▶ RECORDS PROVIDED
# # # #

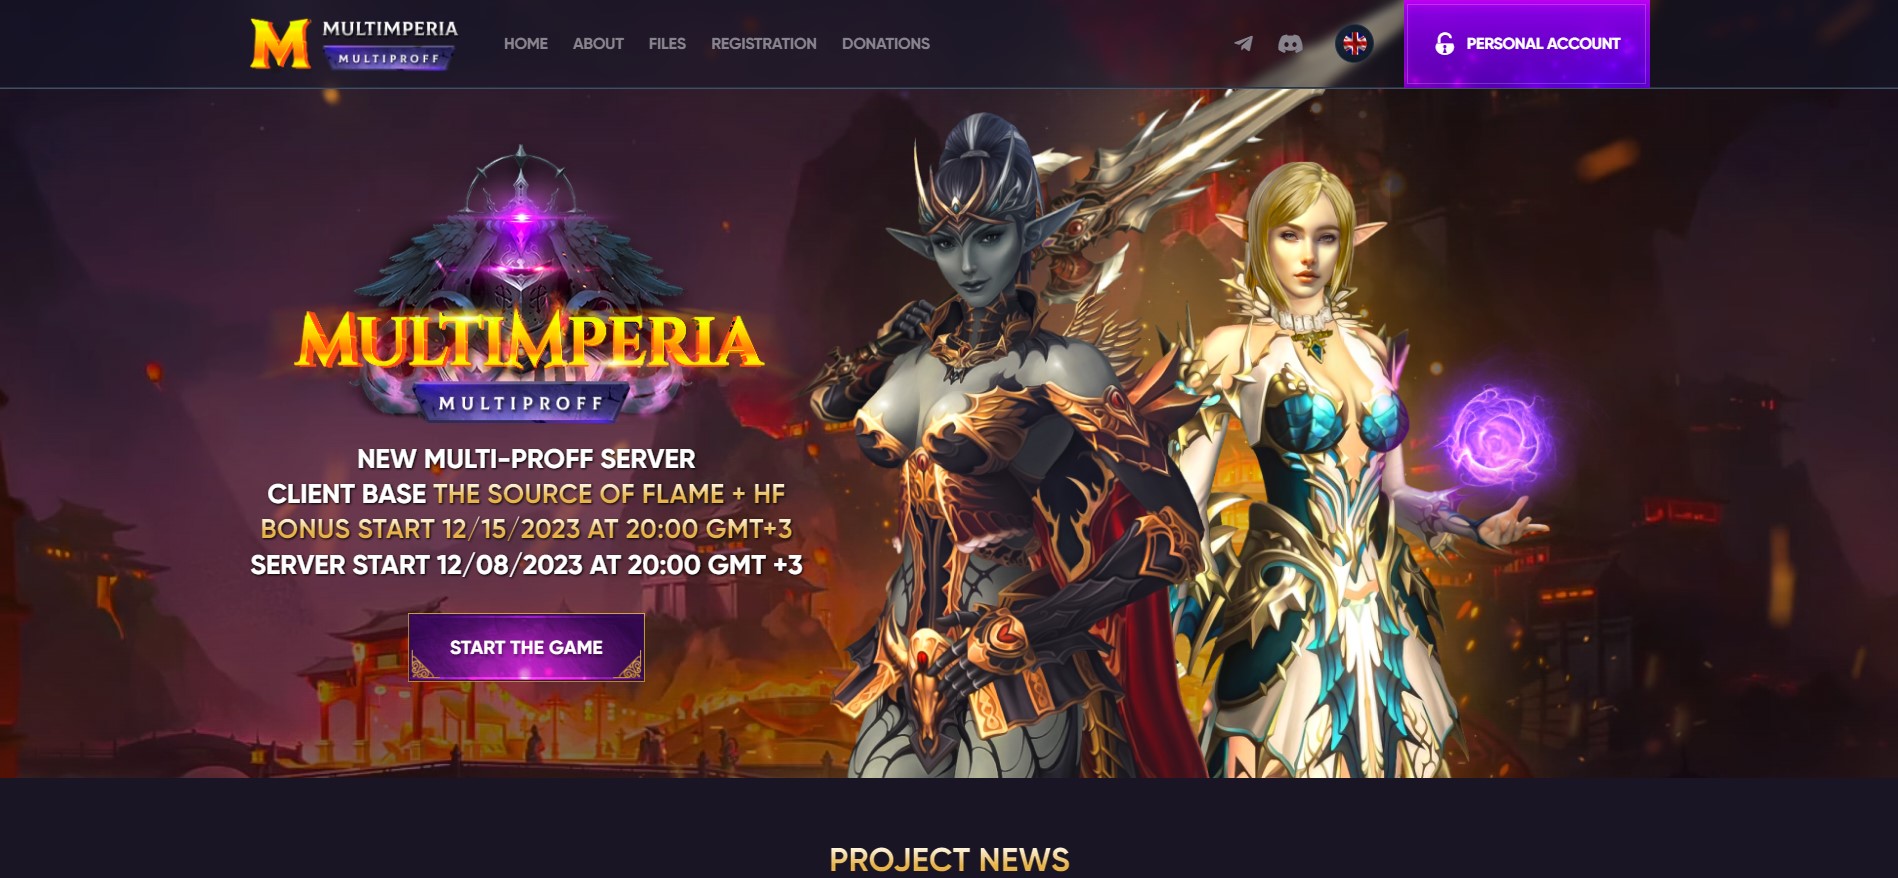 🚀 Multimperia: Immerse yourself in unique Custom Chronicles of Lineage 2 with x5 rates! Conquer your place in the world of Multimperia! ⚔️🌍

# # # #

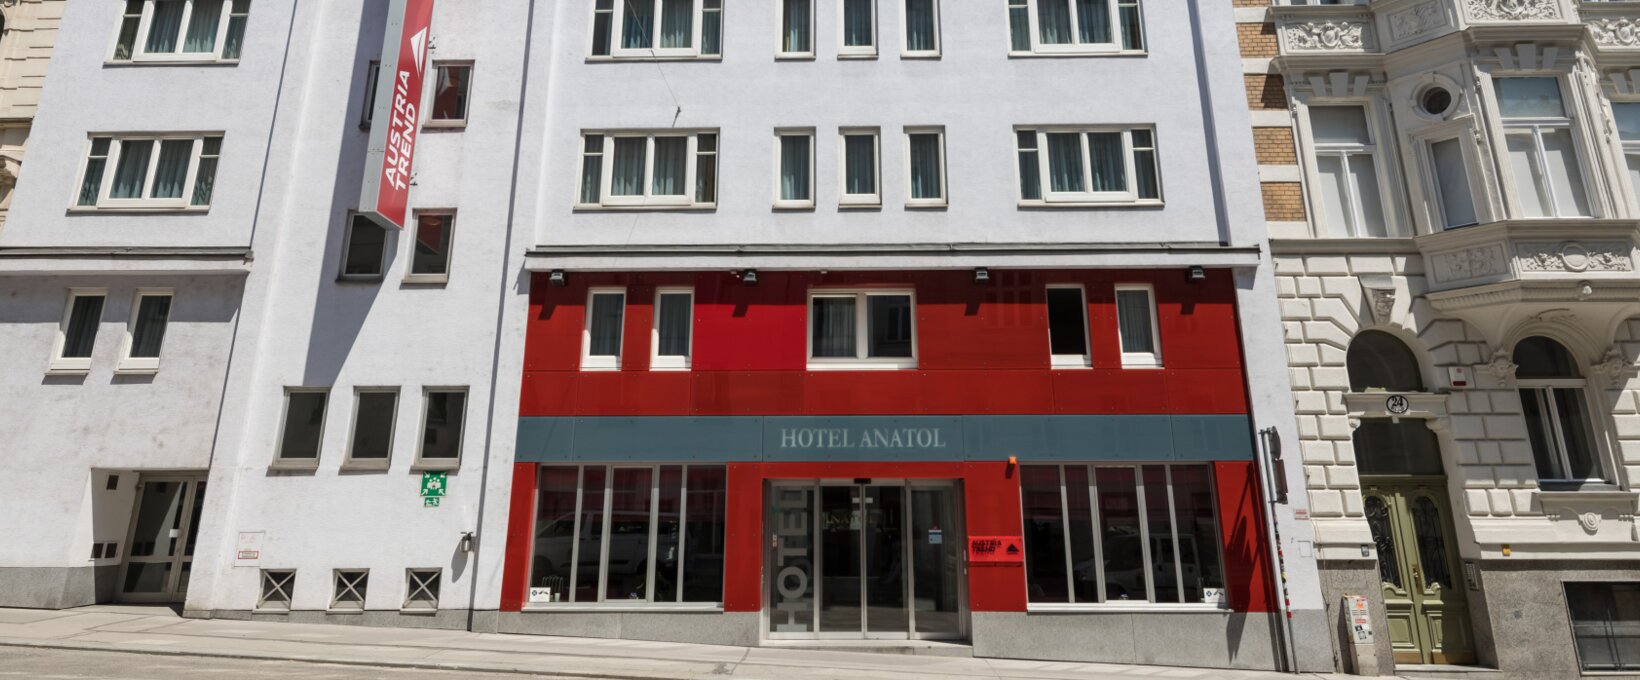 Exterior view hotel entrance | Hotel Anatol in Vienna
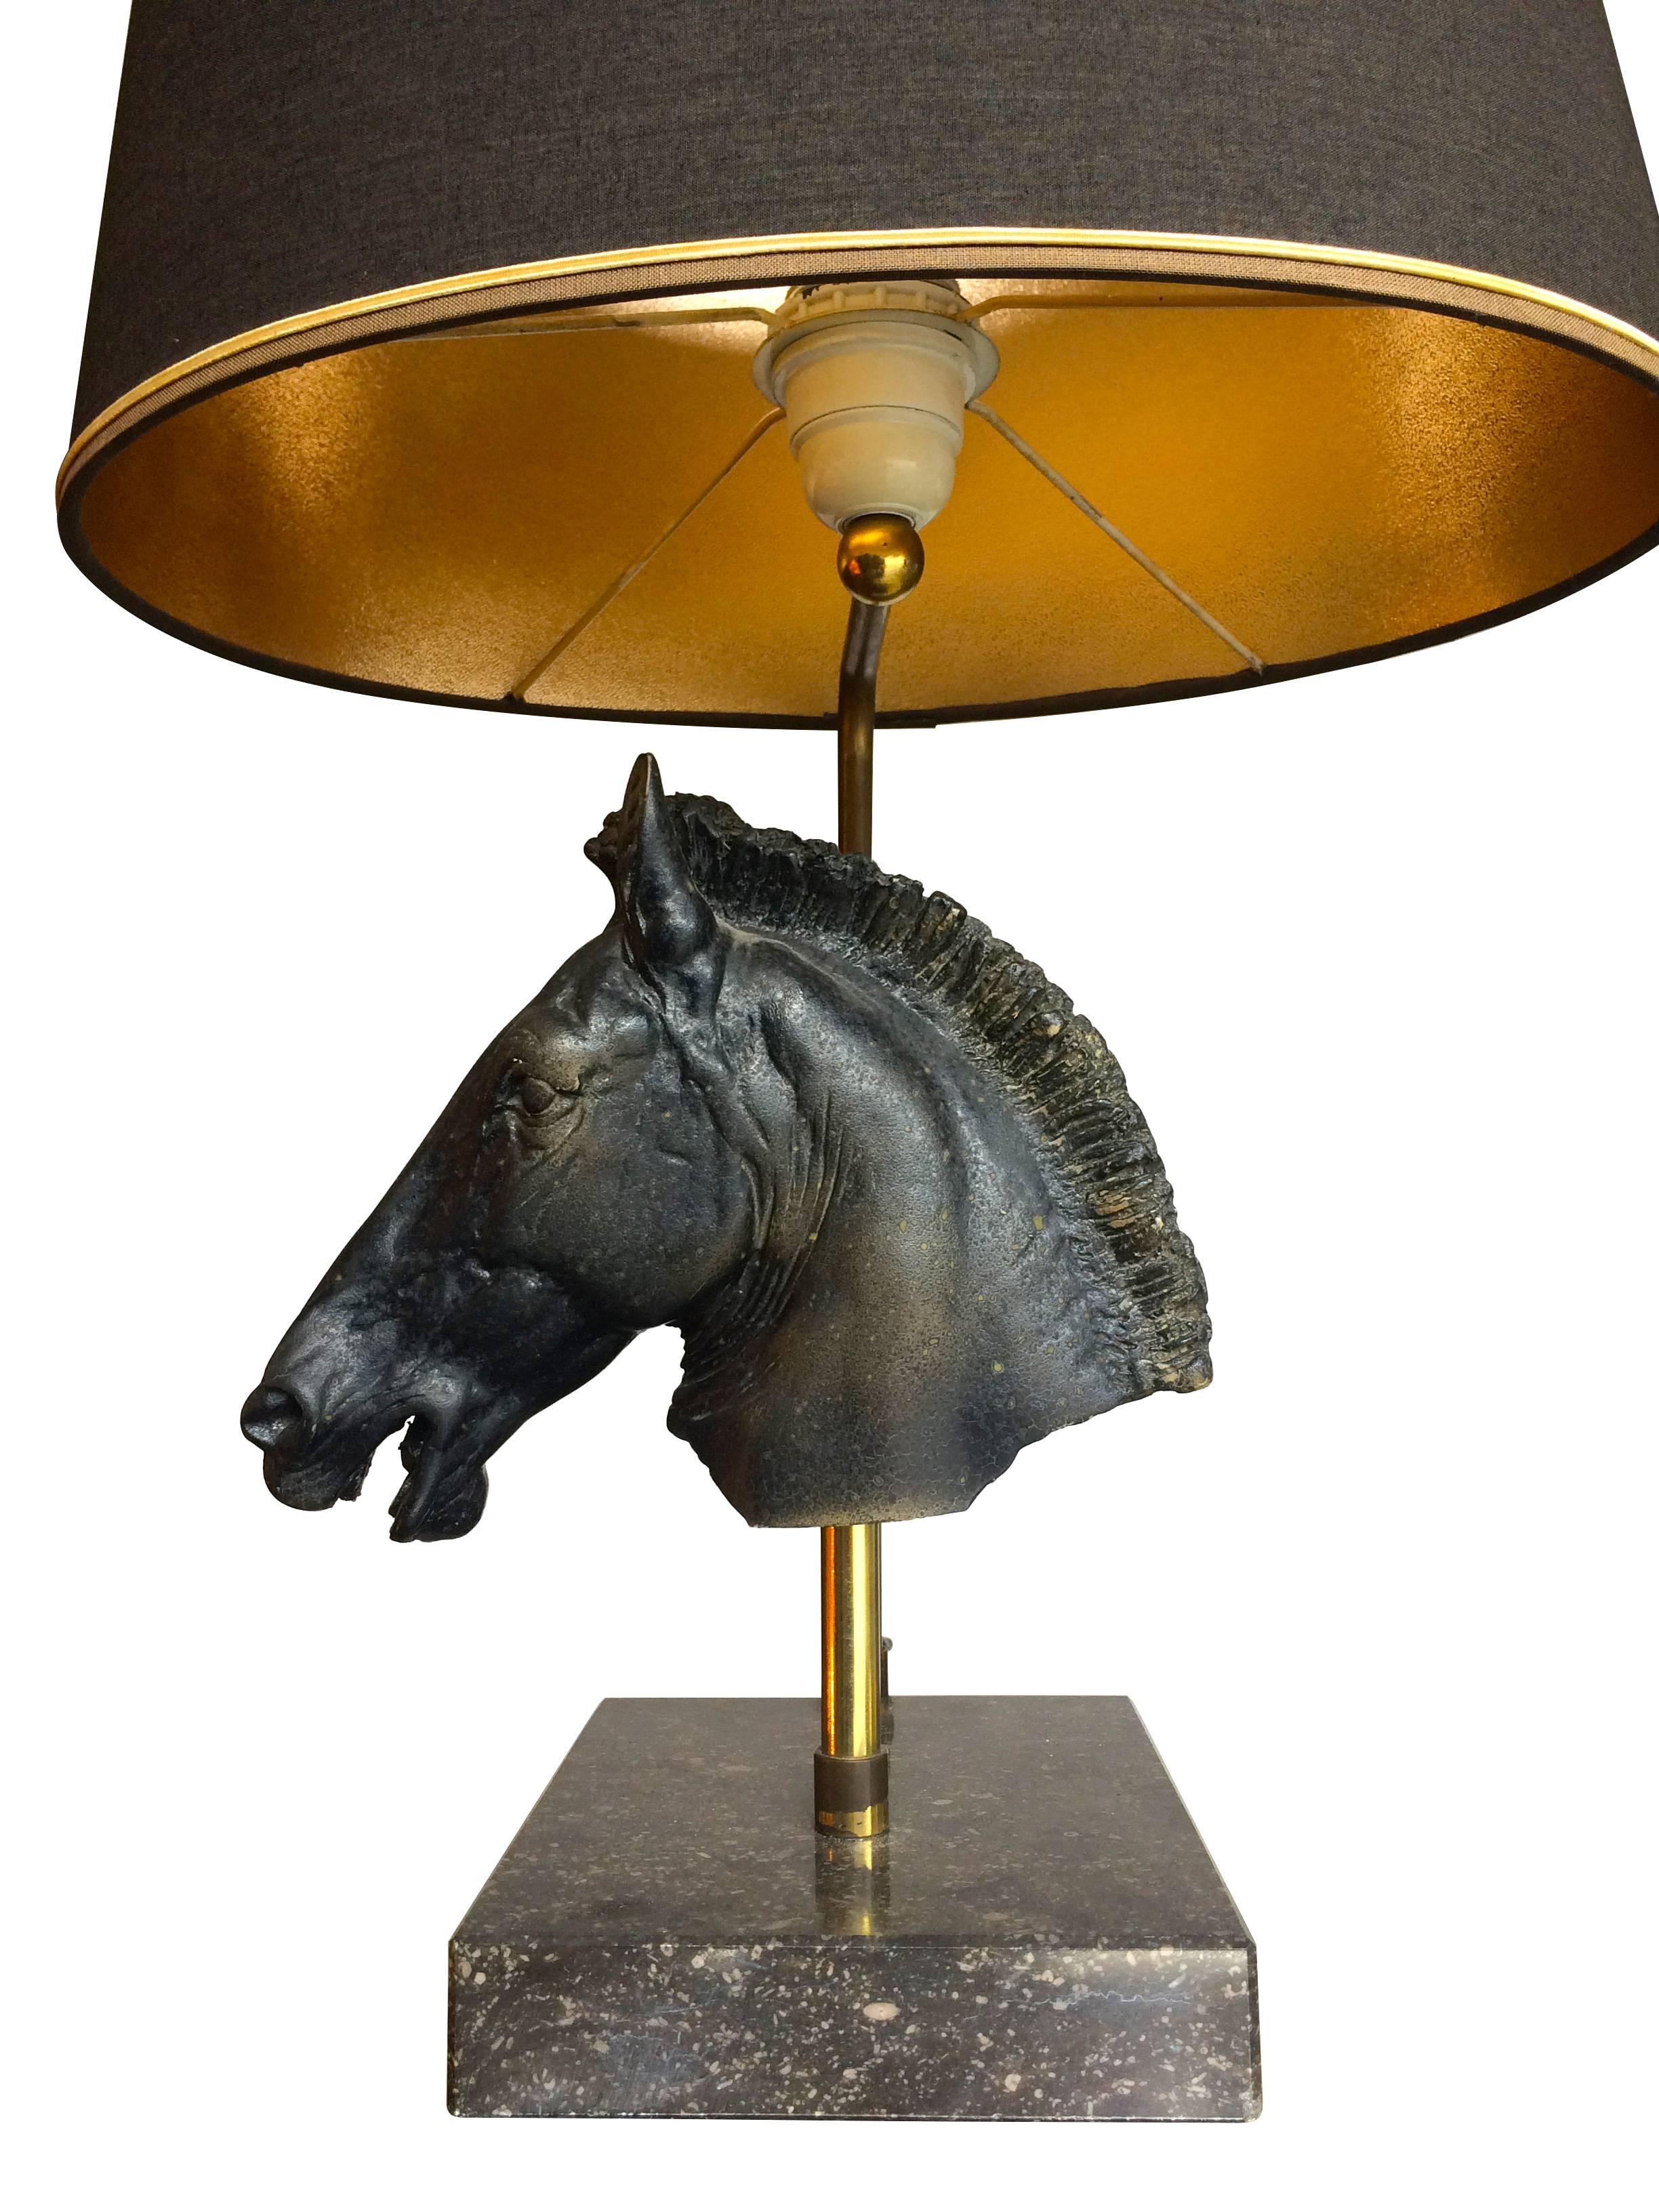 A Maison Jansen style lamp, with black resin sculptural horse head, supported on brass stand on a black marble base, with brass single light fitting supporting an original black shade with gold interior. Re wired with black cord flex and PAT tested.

# # # #

▶ ASSIGNMENT
Starting at the line that contains "Exterior view hotel" and ending at the line that contains "A Maison Jansen", transcribe the material above exactly, excluding pictures.

▶ RESPONSE TO THIS EXERCISE
 Exterior view hotel entrance | Hotel Anatol in Vienna
 A Maison Jansen style lamp, with black resin sculptural horse head, supported on brass stand on a black marble base, with brass single light fitting supporting an original black shade with gold interior. Re wired with black cord flex and PAT tested.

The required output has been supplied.